**Work order**. Would you please transcribe the data in full and exactly, excluding images?

**Dataset excerpt**.
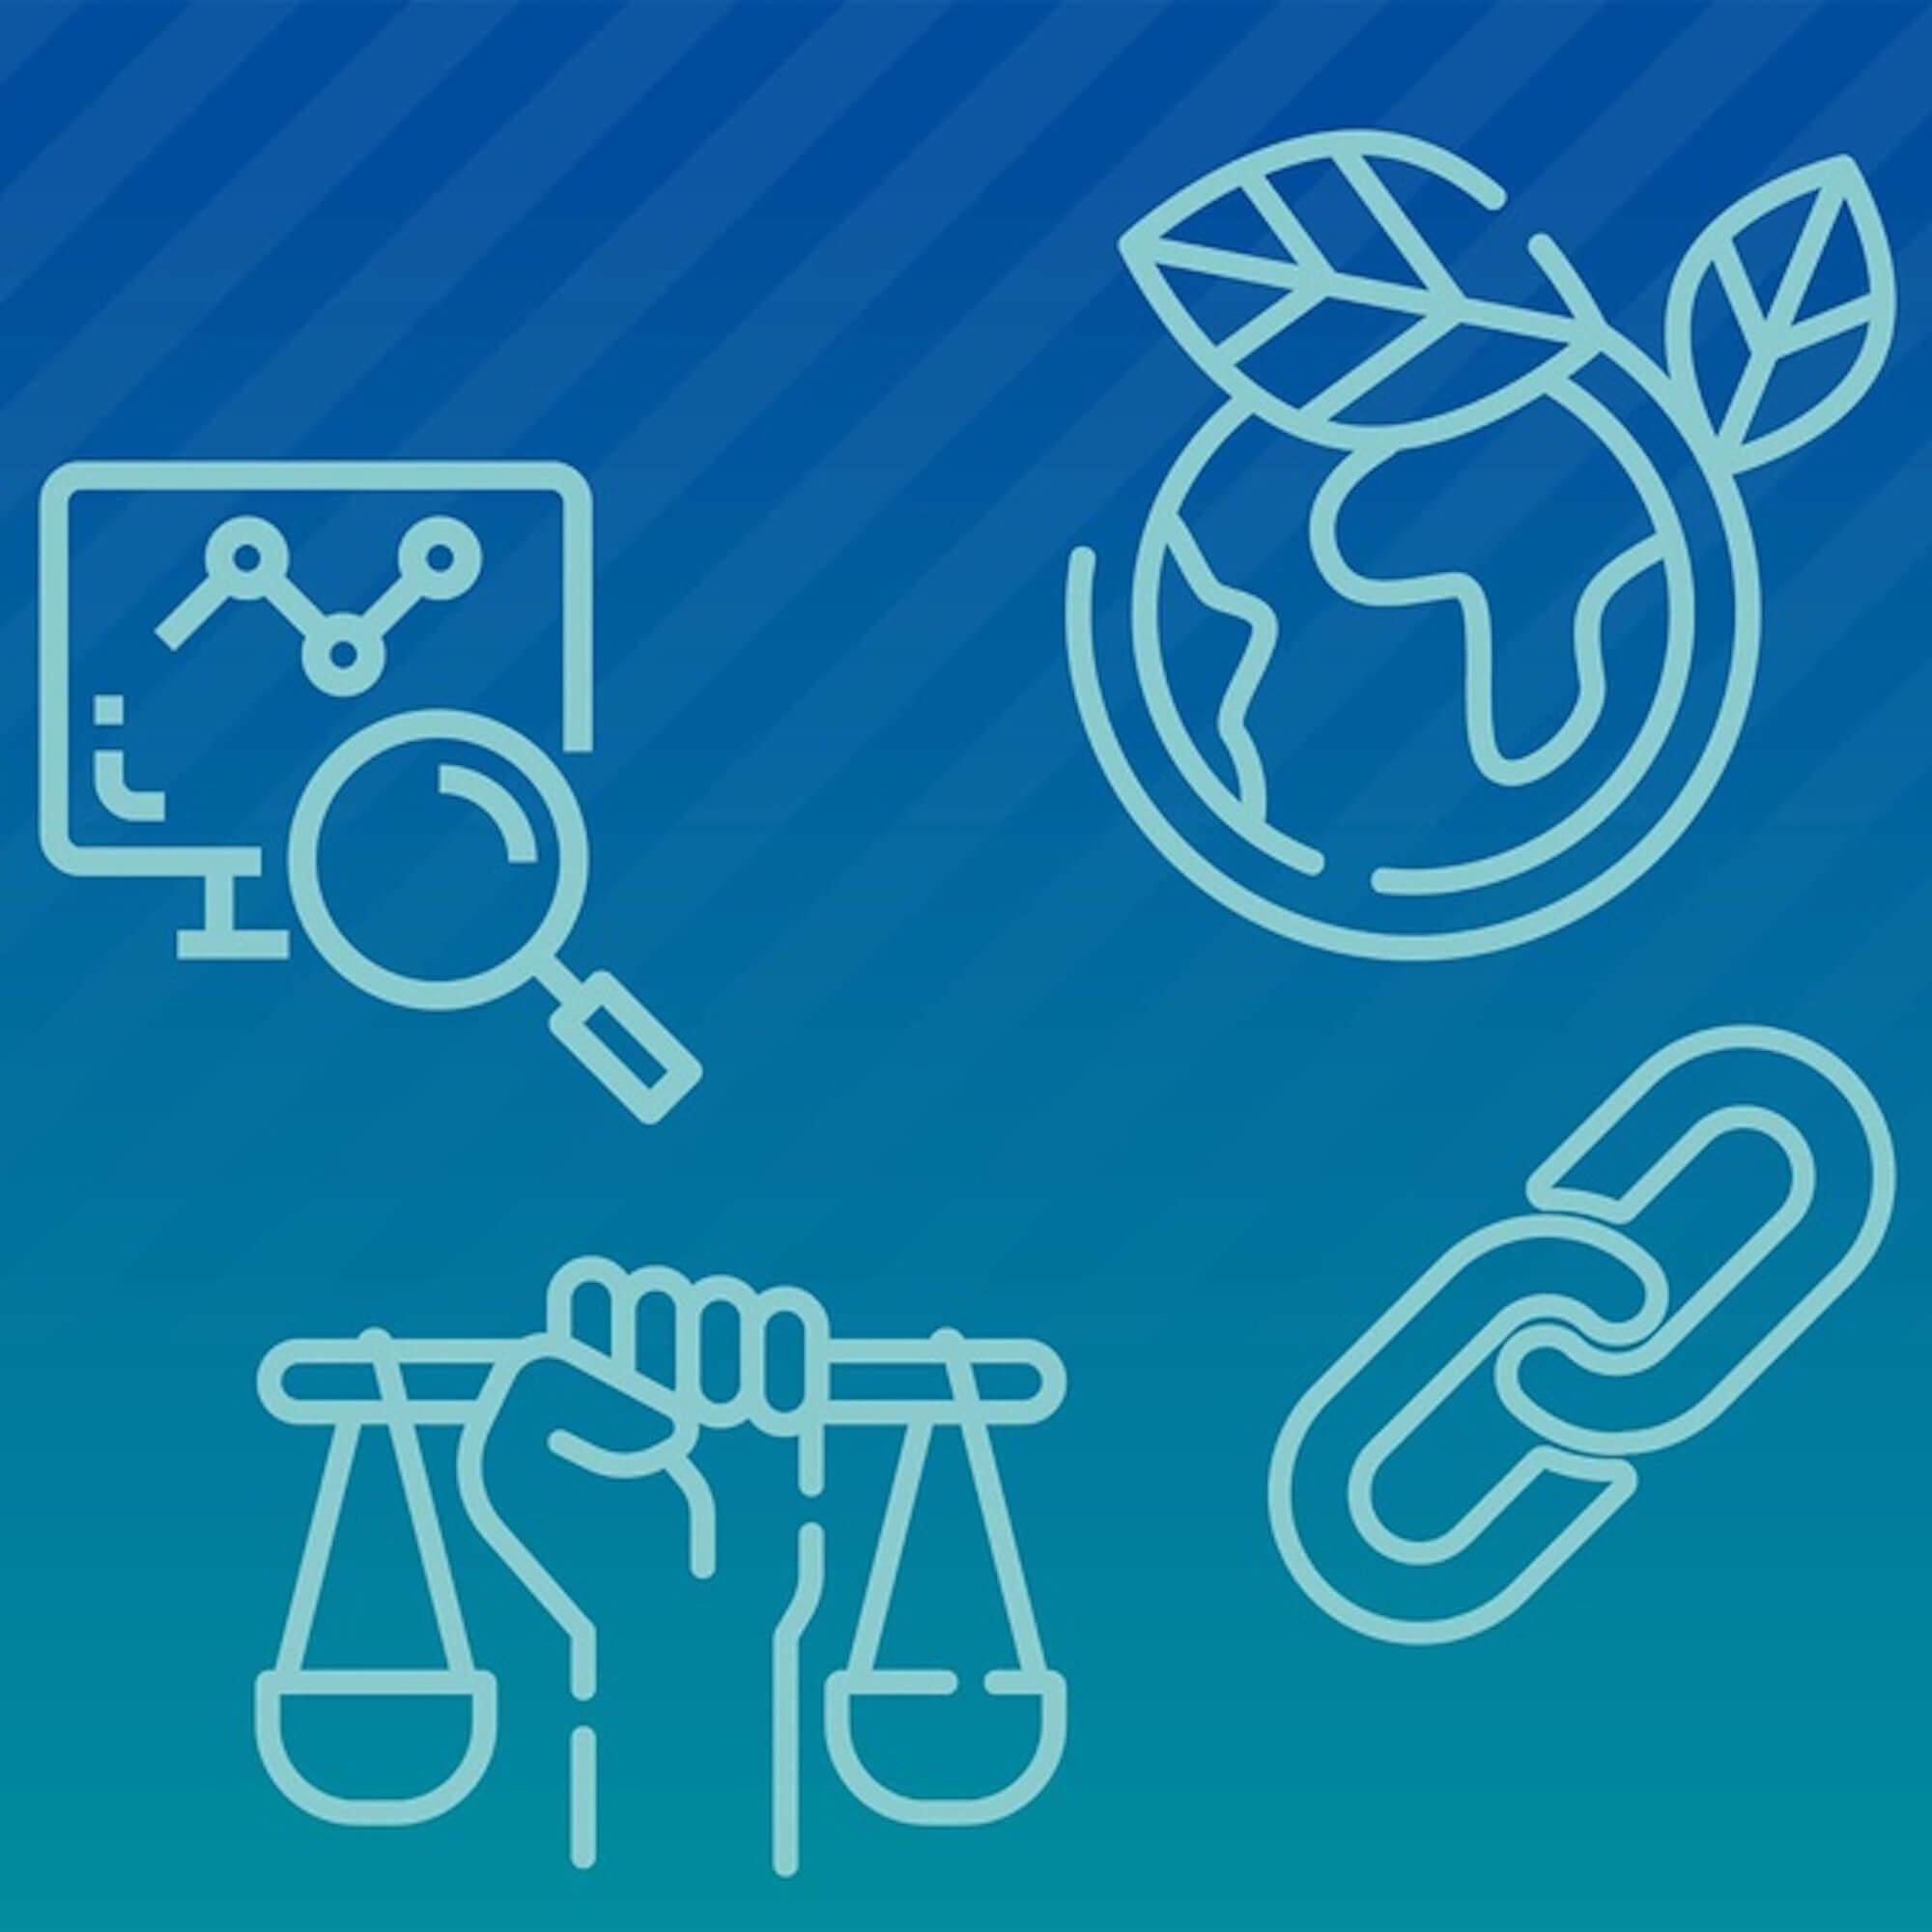 Icons symbolising teaching
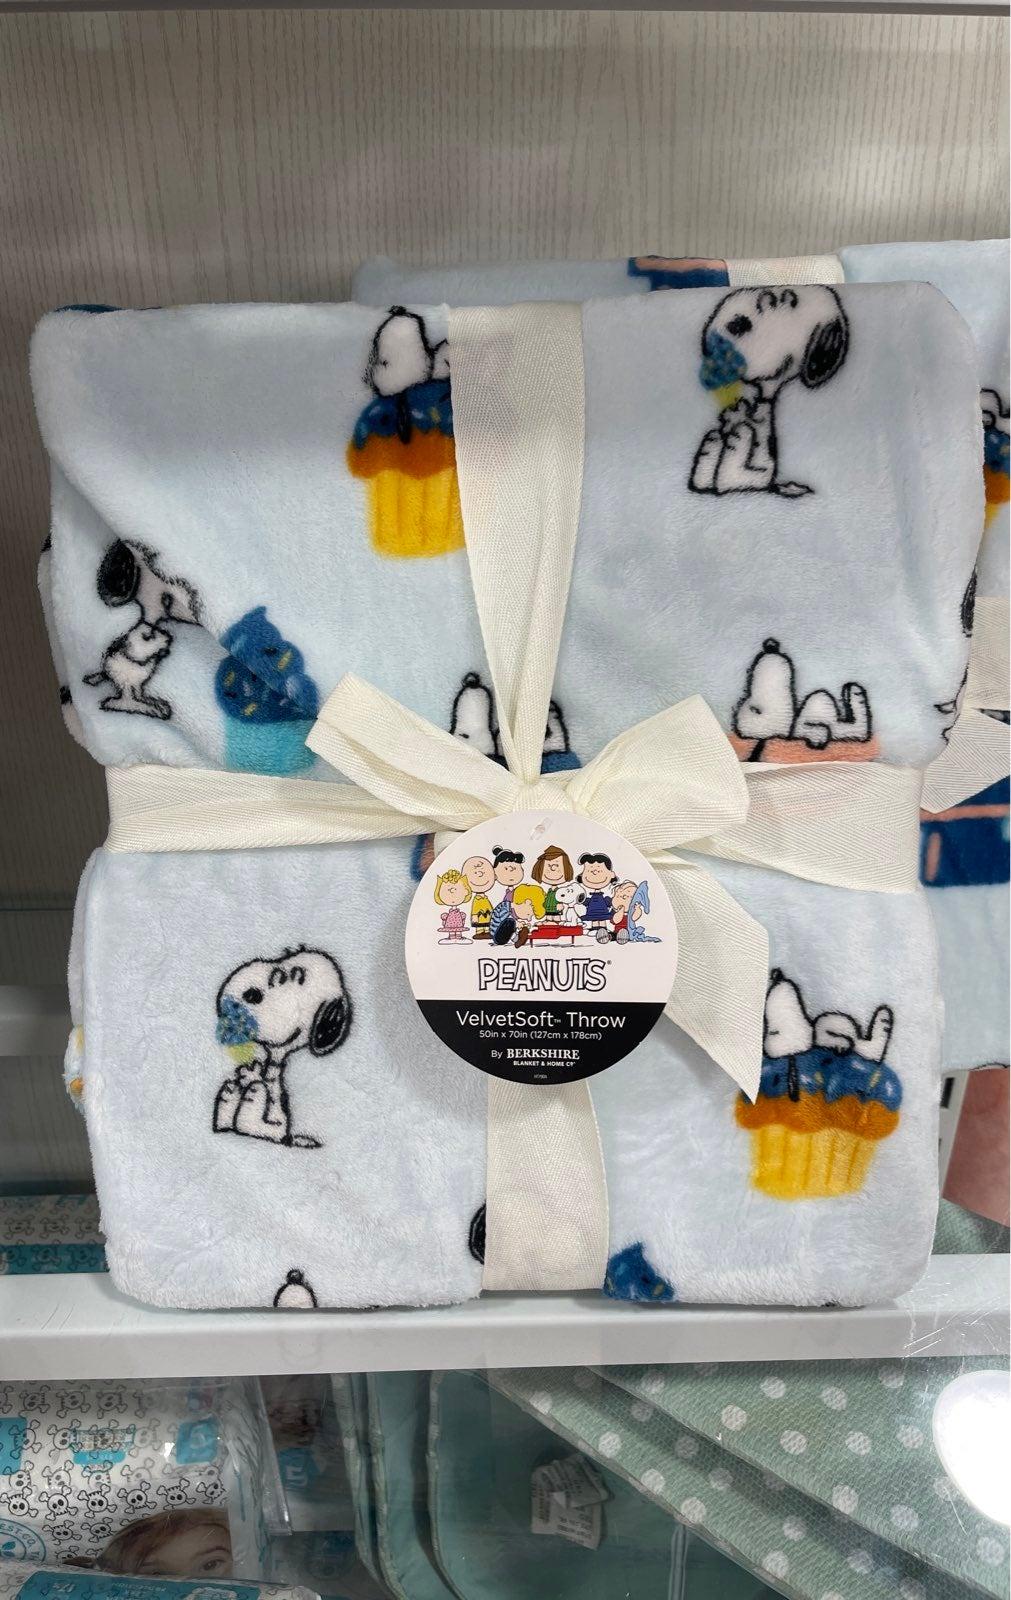 Peanuts Snoopy Cupcake & Sweets Throw
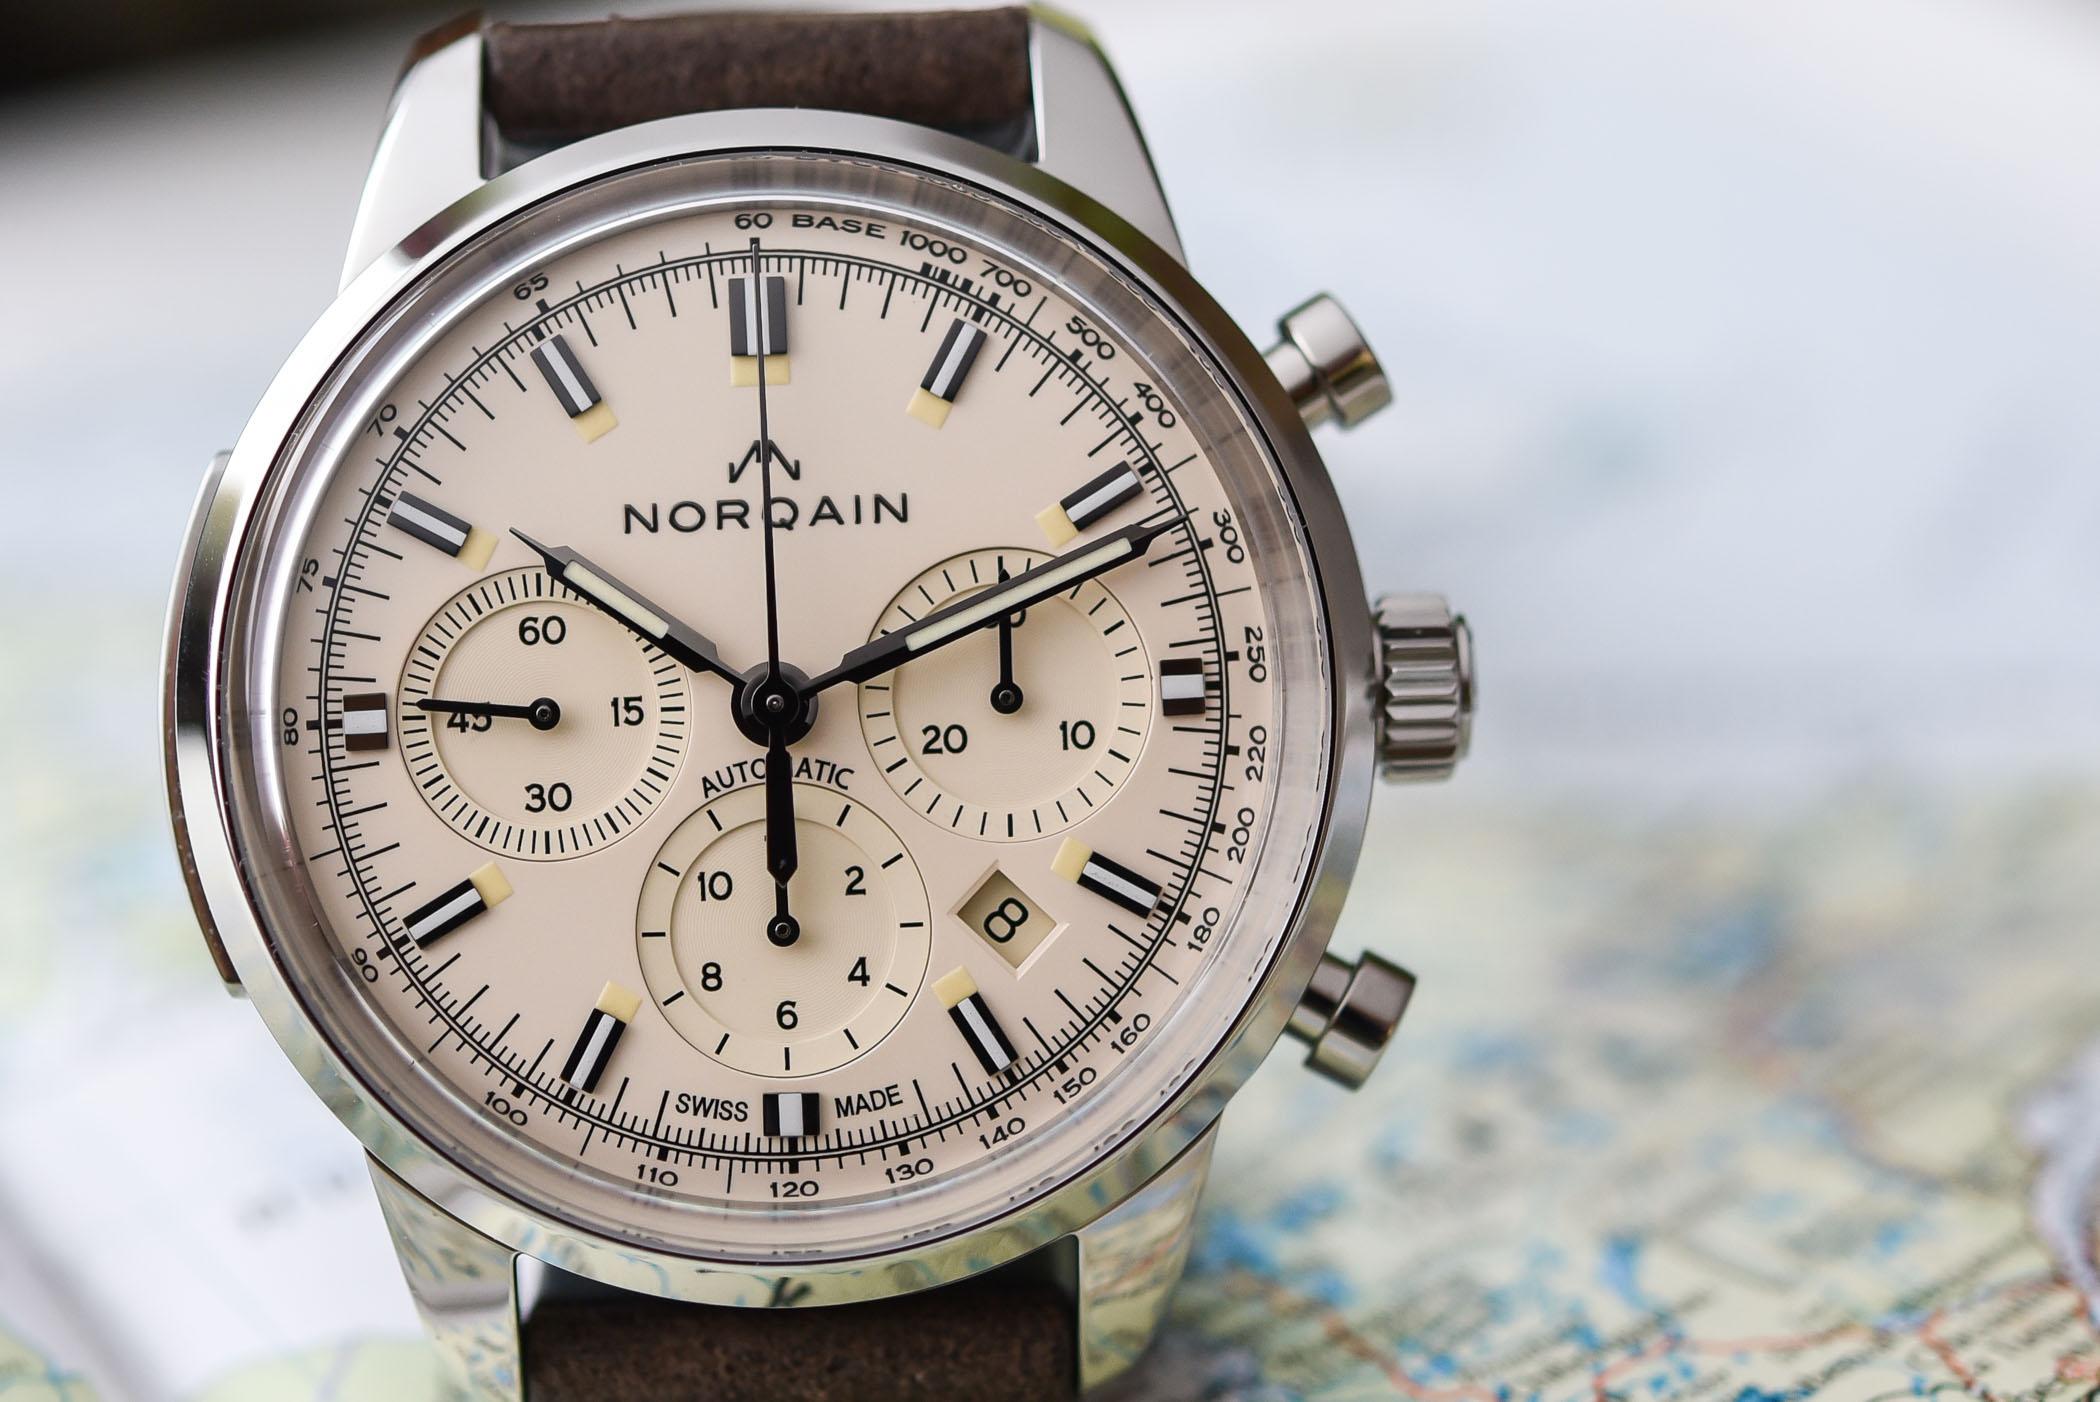 Norqain Freedom 60 Chrono

**Problem solution**.
 Icons symbolising teaching
 Peanuts Snoopy Cupcake & Sweets Throw
 Norqain Freedom 60 Chrono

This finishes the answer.